Johan Gunardi wrote: Let $ x,y,z$ be real numbers. Find the minimum value of $ x^2 + y^2 + z^2$ if $ x^3 + y^3 + z^3 - 3xyz = 1$. See here: http://www.artofproblemsolving.com/Forum/viewtopic.php?t=231939

Let $ x + y + z = k$, then $ x^2 + y^2 + z^2 - xy - yz - zx = \frac {1}{k}$ and clearly $ k > 0$. Now we obtain \[ x^2 + y^2 + z^2 + 2(xy + yz + zx) = k^2 \] \[ xy + yz + zx = \frac {k^3 - 1}{3k} \] \[ x^2 + y^2 + z^2 = \frac {k^3 + 2}{3k} \ge 1 \] by AM-GM Inequality. Let $ x = y = 0$ dan $ z = 1$, we know that the minimum value is $ 1$.

let $x^2+y^2+z^2=q,x+y+z=p$ then $p(q-\frac{p^2-q}{2}=1$ hence $q=\frac{\frac{2}{p}+p^2}{3}$ by derivatives when $p=1,q_{min}=1$ QED

littletush wrote: let $x^2+y^2+z^2=q,x+y+z=p$ then $p(q-\frac{p^2-q}{2}=1$ hence $q=\frac{\frac{2}{p}+p^2}{3}$ by derivatives when $p=1,q_{min}=1$ QED Actually you don't need derivatives. By AM-GM, $\frac{\frac{2}{p}+p^2}{3}=\frac{1}{3}\left(\frac{1}{p}+\frac{1}{p}+p^2\right)\ge \frac{1}{3}\left(3\sqrt[3]{\frac{1}{p} \frac{1}{p} p^2}\right)=\boxed{1}$. (Equality occurs iff $\frac{1}{p}=p^2\Rightarrow p=1$.)

On the other hand, here is an unfortunate substitution I found which leads to an obvious use of derivatives.
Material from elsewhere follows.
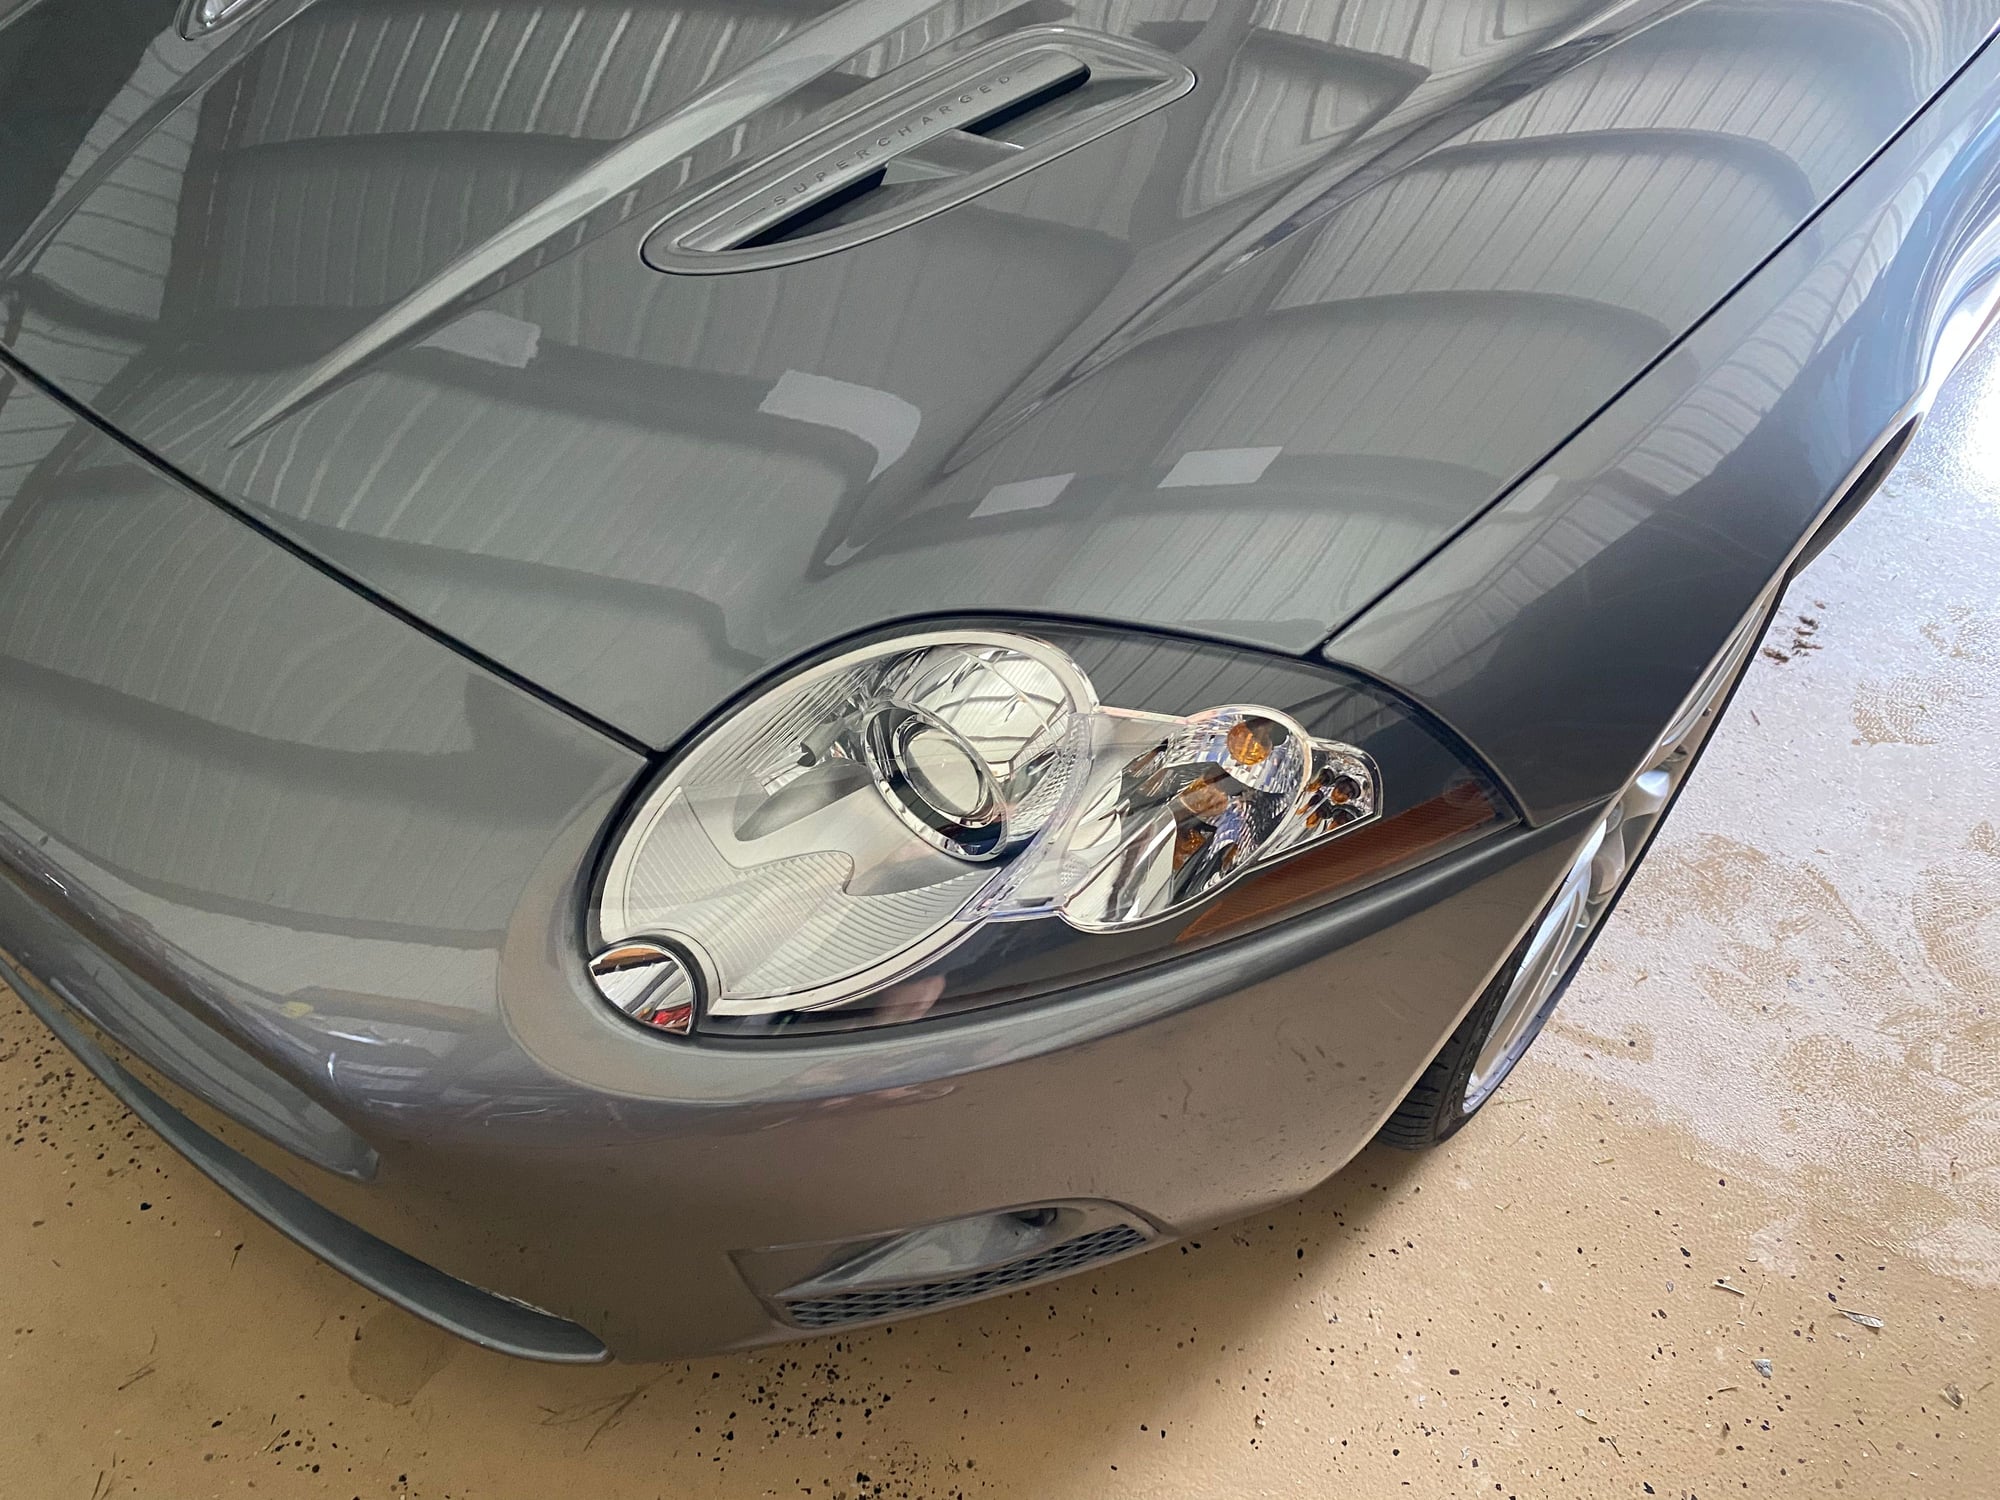 2007 Jaguar XKR - 2007 Jaguar XKR - Used - VIN SAJWA43C079B11758 - 53,000 Miles - 8 cyl - 2WD - Automatic - Coupe - Gray - Dripping Springs, TX 78620, United States

By the "difference of three cubes" (this is the official name) factorization we have $x^3+y^3+z^3-3xyz=(x+y+z)(x^2+y^2+z^2-xy-yz-zx)=1$. Let $a:=x+y+z$ and $b:=xy+yz+zx$ so that the equation becomes $a(a^2-3b)=1$. We want to minimize $a^2-2b$, so we let $X:=a^2-2b$ to get $a(X-b)=1\Rightarrow X=\frac{1}{a}+\frac{b}{a}$. Now solving $a(a^2-3b)=1$ for $b$ gives $b=\frac{a^2-\frac{1}{a}}{3}$. Hence, substituting into our $X$-equation and simplifying, we obtain $X=\frac{a^2+3a-1}{3a^2}$. Differentiating $X$ w.r.t. $a$ and setting it equal to $0$ to find the minimum yields \begin{align*}X' & =\frac{a^3-3a+2}{3a^3}=0\\ &\Leftrightarrow a^3-3a+2=0\\ &\Leftrightarrow (a-1)^2(a+2)=0.\end{align*} Clearly $a>0$ (which can be seen from $a((x-y)^2+(y-z)^2+(z-x)^2)=1$), hence if there is a minimum it must occur at $a=1$. Now $X''=\frac{2(a-1)}{a^4}$ which is $0$ at $a=1$. So we evaluate $X'$ at $a\pm \epsilon$ to find that the function is increasing at $a=1$. Thus, there exists a minimum at this value of $a$. Finally, plugging $a=1$ into into $X$ yields $\boxed{X=1}$, which is the desired minimum.